Supreme Court says states may not impose mandatory life sentences on juvenile murderers
By Robert Barnes,
A divided Supreme Court on Monday said states may not impose on juvenile murderers mandatory life sentences without the possibility of parole.
The 5 to 4 ruling said such mandatory sentences offend the constitution’s prohibition of cruel and unusual punishment, and follow a trend at the court of treating even the worst juvenile offenders differently from adults.
Justice Elena Kagan, writing for the majority, said the decision was consistent with the court’s past findings that children lack maturity and have an underdeveloped sense of responsibility; that they are more vulnerable to outside pressure and that their character is less formed and more open to rehabilitation.
“Our decisions rested not only on common sense — on what ‘any parent knows’ — but on science and social science as well,” Kagan wrote, adding “the mandatory penalty schemes at issue here prevent the sentencer from taking account of these central considerations.”
The decision said judges may still sentence juveniles convicted of murder to a life sentence without possibility of parole, but must take into consideration mitigating circumstances.

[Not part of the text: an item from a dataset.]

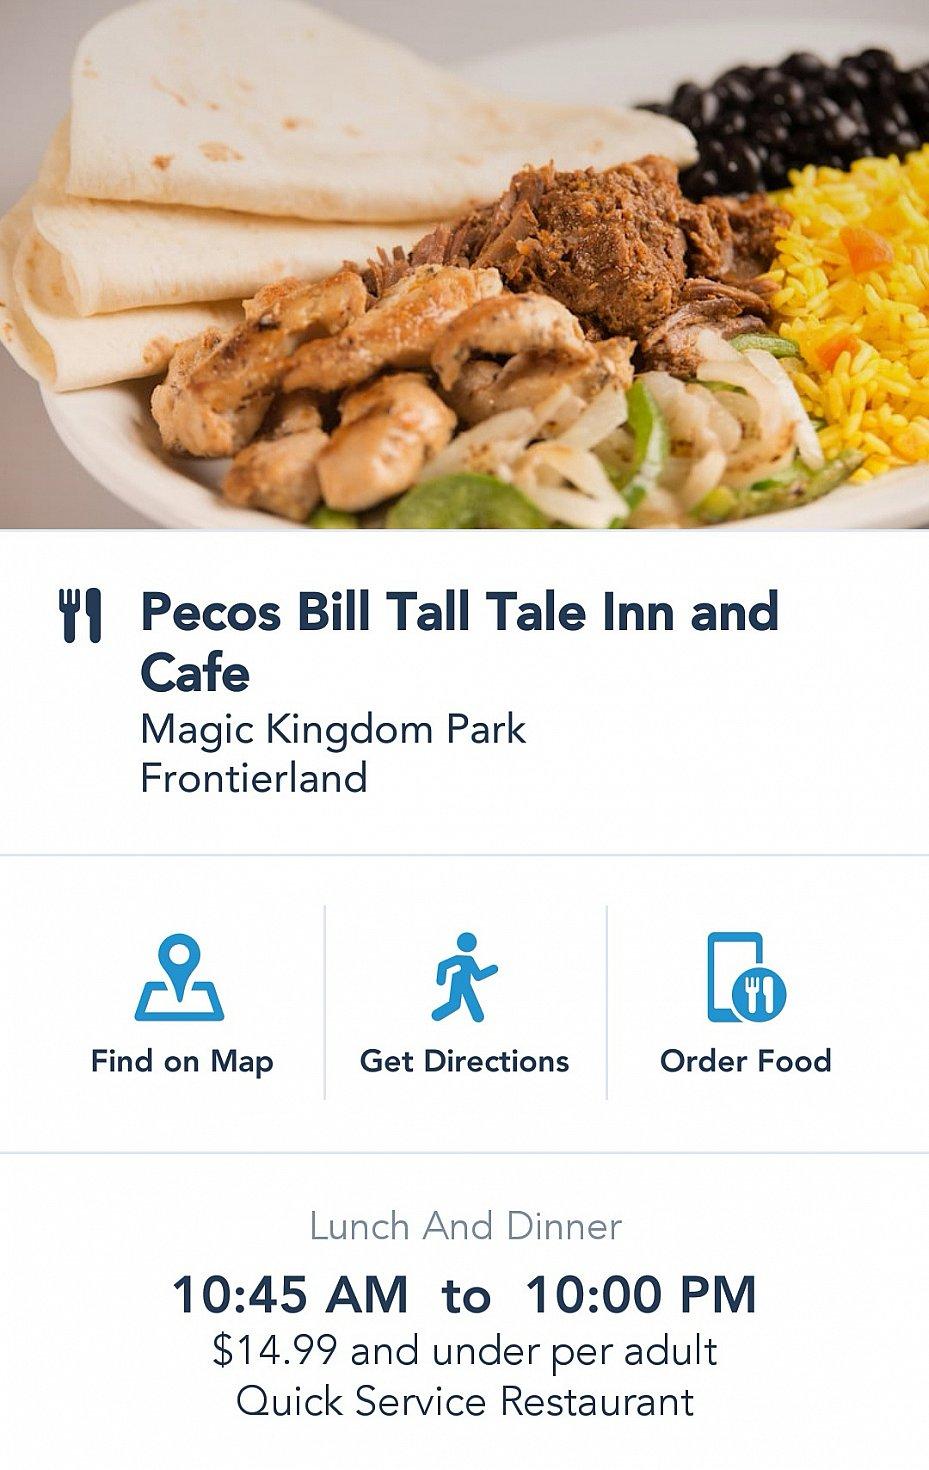 レストランの場所や料理ジャンルの確認ができます。注文に進むときは右のorder food
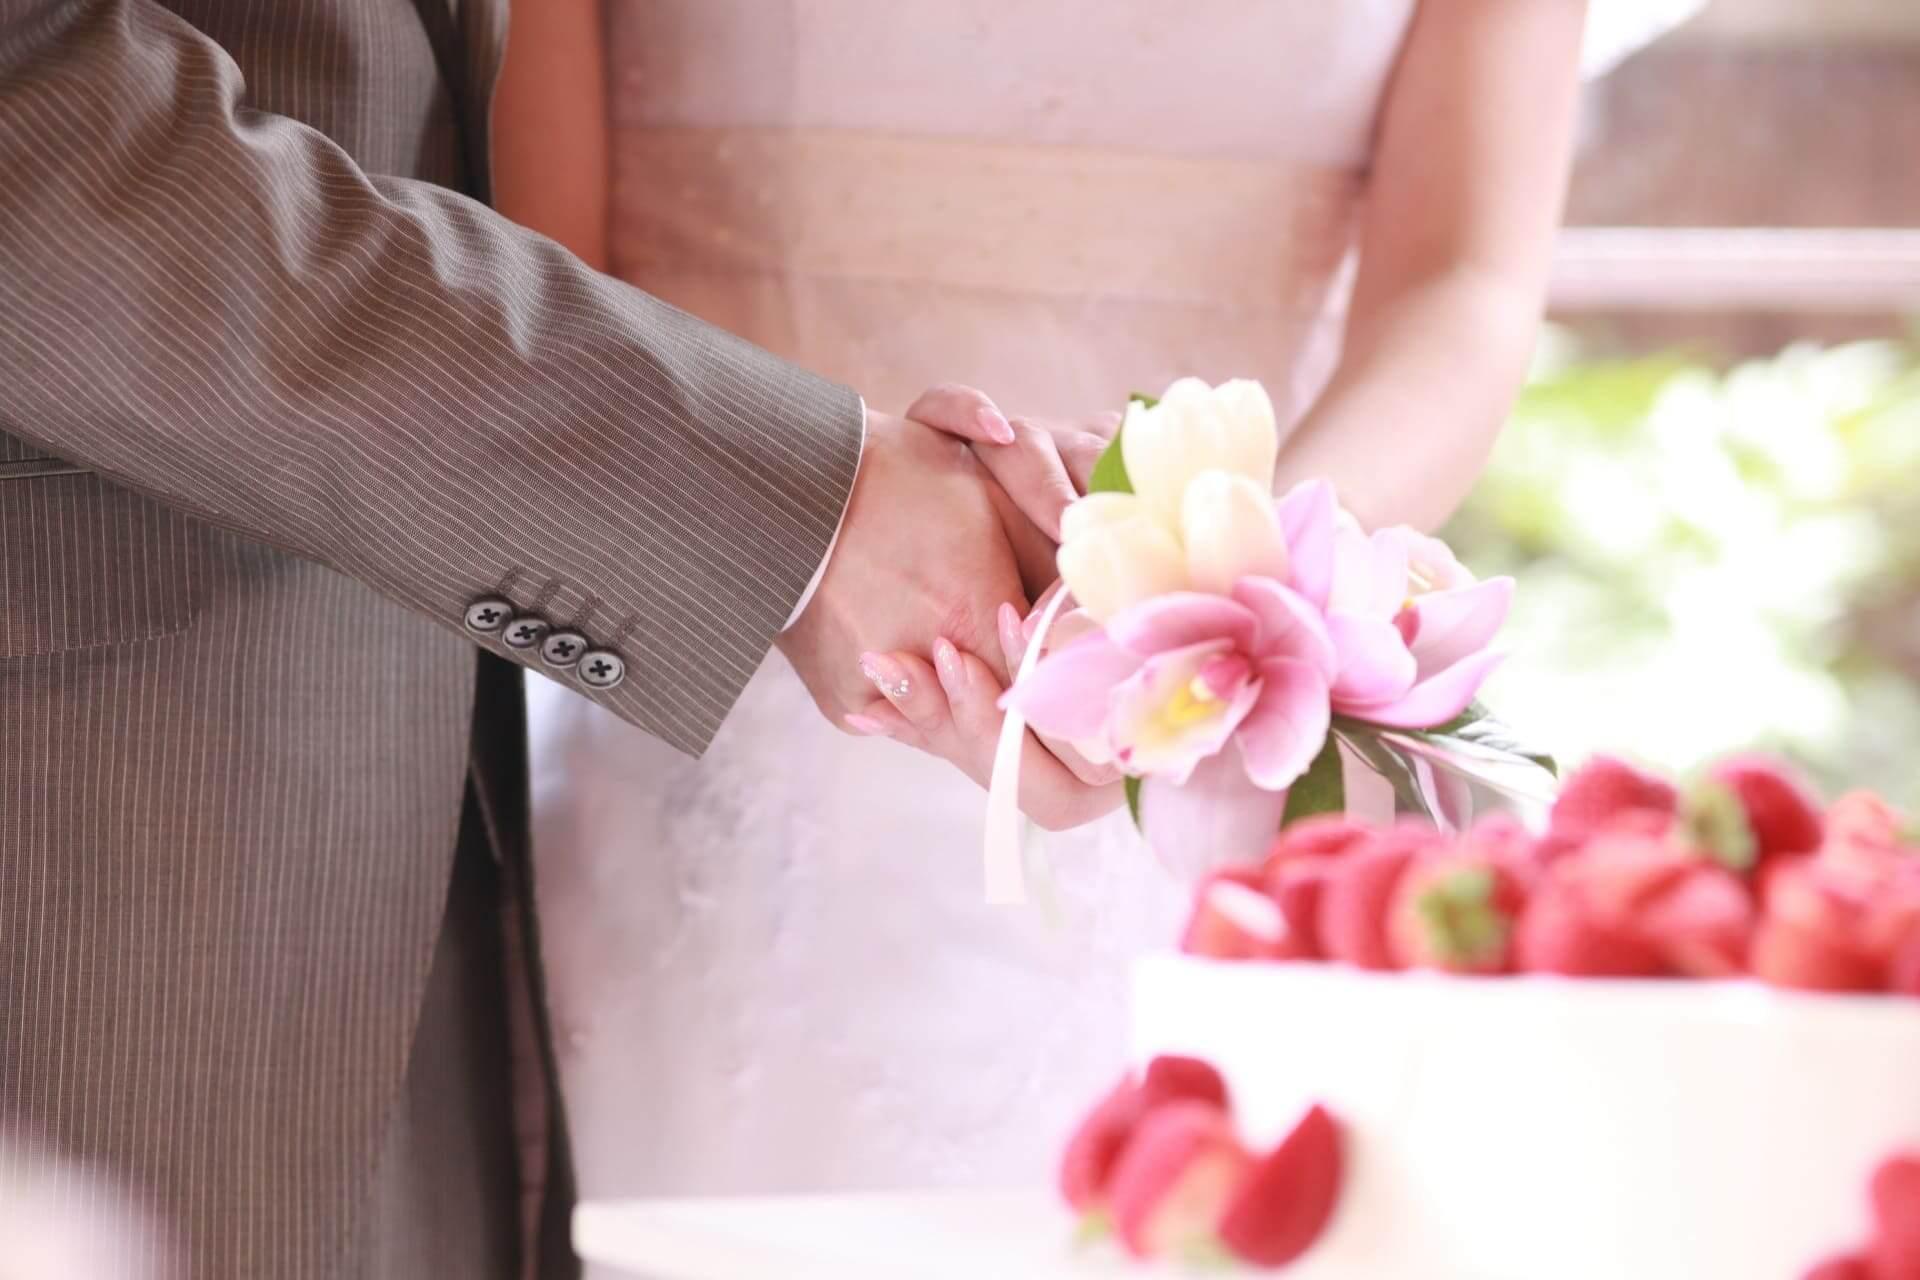 水晶玉子の出会い占い|今年こそ結婚イケる?あなたの運命異性とその特徴

The opinion was joined by Kagan’s fellow liberal justices, Ruth Bader Ginsburg, Stephen G. Breyer and Sonia Sotomayor, as well as by Justice Anthony M. Kennedy, who most often sides with conservatives but has authored the court’s previous opinions about juvenile offenders.
It drew sharp rebukes from the court’s conservatives, including Justice Samuel A. Alito Jr., who said from the bench that the ruling represented an “elite vision” from the court that it knows better than the states, 29 of whom authorize mandatory sentences for juvenile murders.
Chief Justice John G. Roberts Jr., in a dissent joined by Alito and Justices Antonin Scalia and Clarence Thomas, elaborated.
“Determining the appropriate sentence for a teenager convicted of murder presents grave and challenging questions of morality and social policy,” Roberts wrote. “Our role, however, is to apply the law, not to answer such questions.”
He said mandatory life sentences “could not plausibly be described” as unusual when a majority of states endorse them.
In 2005, the court banned the death penalty for juveniles who kill, saying “the punishment of life imprisonment without the possibility of parole is itself a severe sanction, in particular for a young person.”
In 2010, the court continued the trend by saying juveniles whose crimes did not include murder could not be sentenced to life in prison without the possibility of parole at some point.
Kennedy wrote both opinions for the divided court.
The cases at the court were brought by lawyers for the Equal Justice Initiative in Montgomery, Ala., which had asked the court to ban life sentences for juveniles 15 and younger when they committed their crimes.
Kagan said the ruling does not address that issue; she expected such cases would be rare when judges were free to take a juvenile’s age into account at sentencing.
“The court took a significant step forward by recognizing the fundamental unfairness of mandatory death-in-prison sentences that don’t allow sentencers to consider the unique status of children and their potential for change,” said EJI’s Bryan Stevenson. “The court has recognized that children need additional attention and protection in the criminal justice system.”
There are 2,300 inmates serving life-without-parole sentences for murders committed before they were 18. But only 79 nationwide were 14 or younger at the time of their crimes, and about 90 percent of those are serving mandatory sentences.
The cases before the justices came from two 14-year-olds who were sentenced to life without parole for their roles in separate killings.
Evan Miller, a victim of abuse so severe that, his lawyer said, he had tried to kill himself five times, was convicted along with another juvenile of killing a neighbor, 52-year-old Cole Cannon, and setting afire Cannon’s trailer in Lawrence County, Ala.
Kuntrell Jackson of Blytheville, Ark., was with two other youths who attempted to rob a video store. One of the others used a sawed-off shotgun to kill 28-year-old clerk Laurie Troup.
The two cases are Miller v. Alabama and Jackson v. Hobbs.